Listed records
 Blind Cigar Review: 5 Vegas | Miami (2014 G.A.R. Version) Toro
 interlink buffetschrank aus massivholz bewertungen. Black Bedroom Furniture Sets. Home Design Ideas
* * *
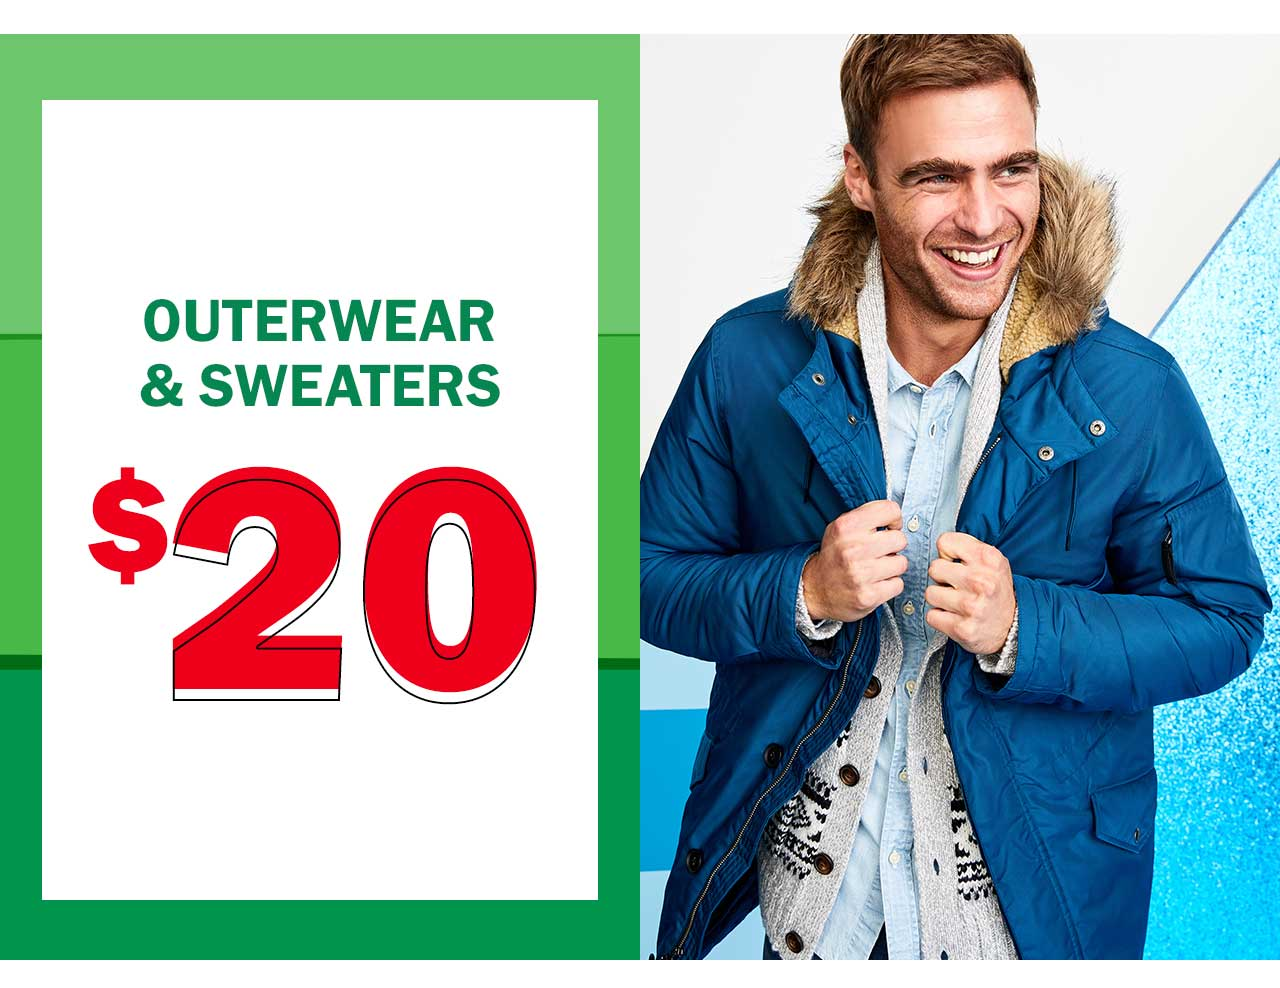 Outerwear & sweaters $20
==
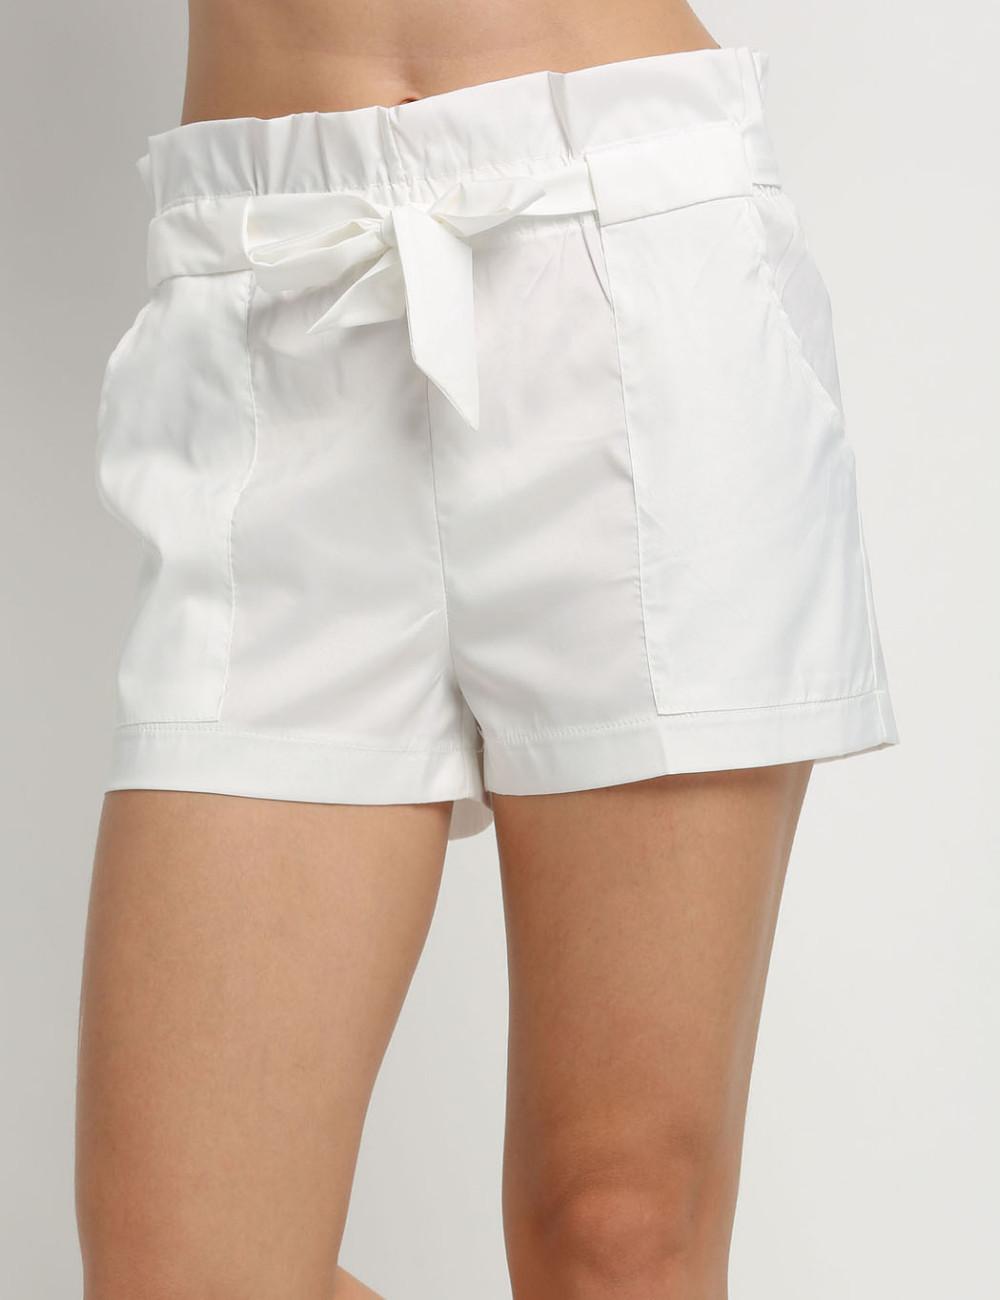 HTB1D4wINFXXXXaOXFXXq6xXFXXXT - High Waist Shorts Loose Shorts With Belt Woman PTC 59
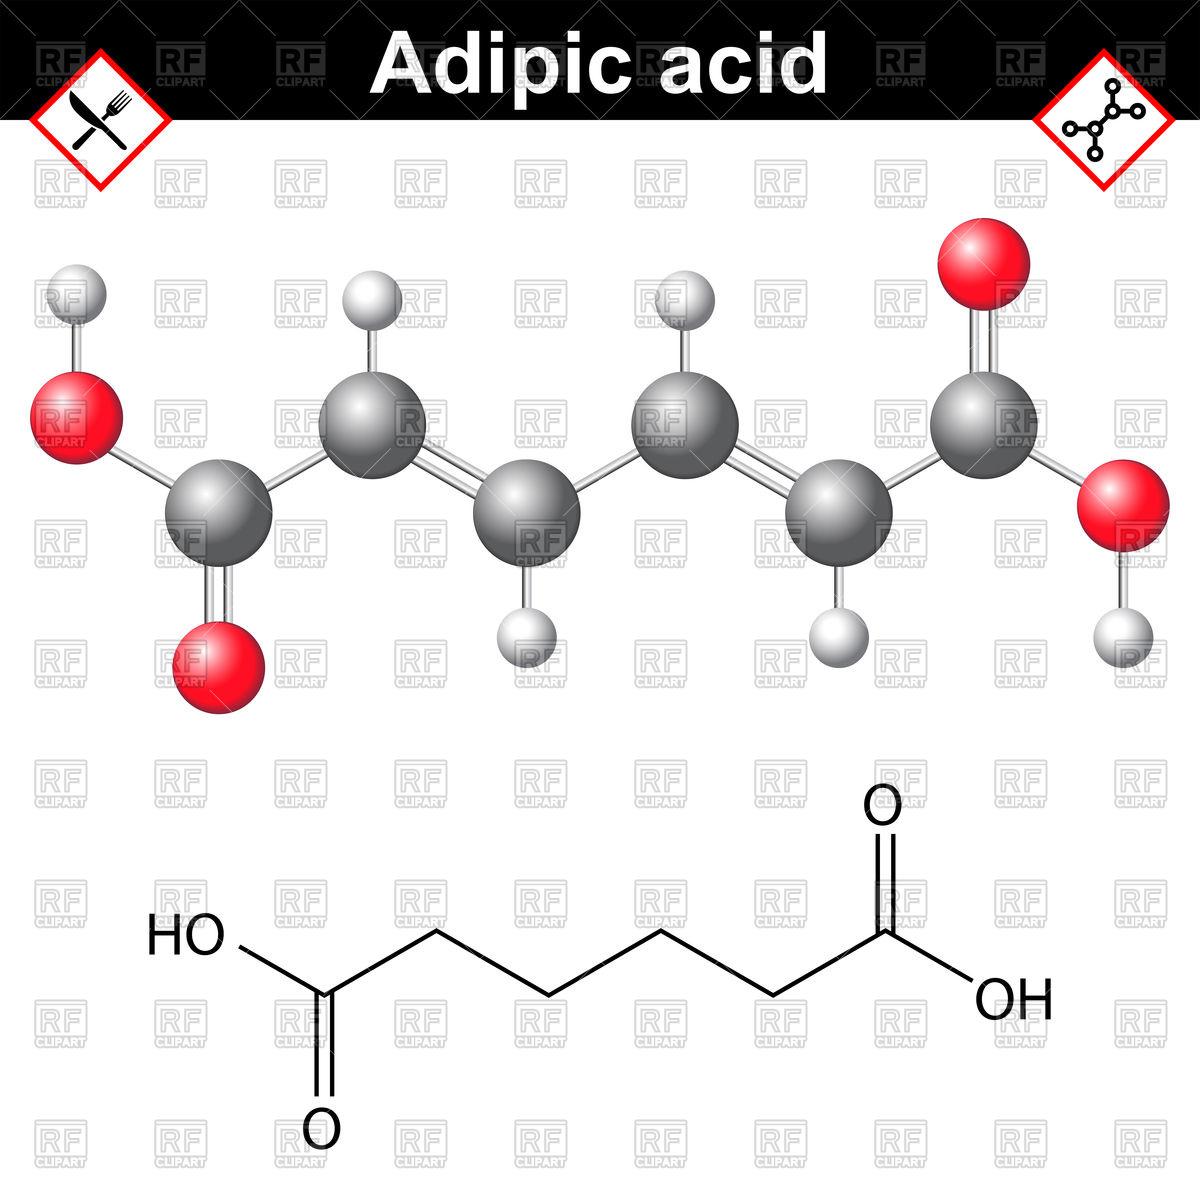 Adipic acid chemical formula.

Work to complete
The lines above from the one containing "Blind Cigar Review: 5" through the one containing "interlink buffetschrank aus" are to be set down exactly, and no others.

Result of this exercise
 Blind Cigar Review: 5 Vegas | Miami (2014 G.A.R. Version) Toro
 interlink buffetschrank aus massivholz bewertungen. Black Bedroom Furniture Sets. Home Design Ideas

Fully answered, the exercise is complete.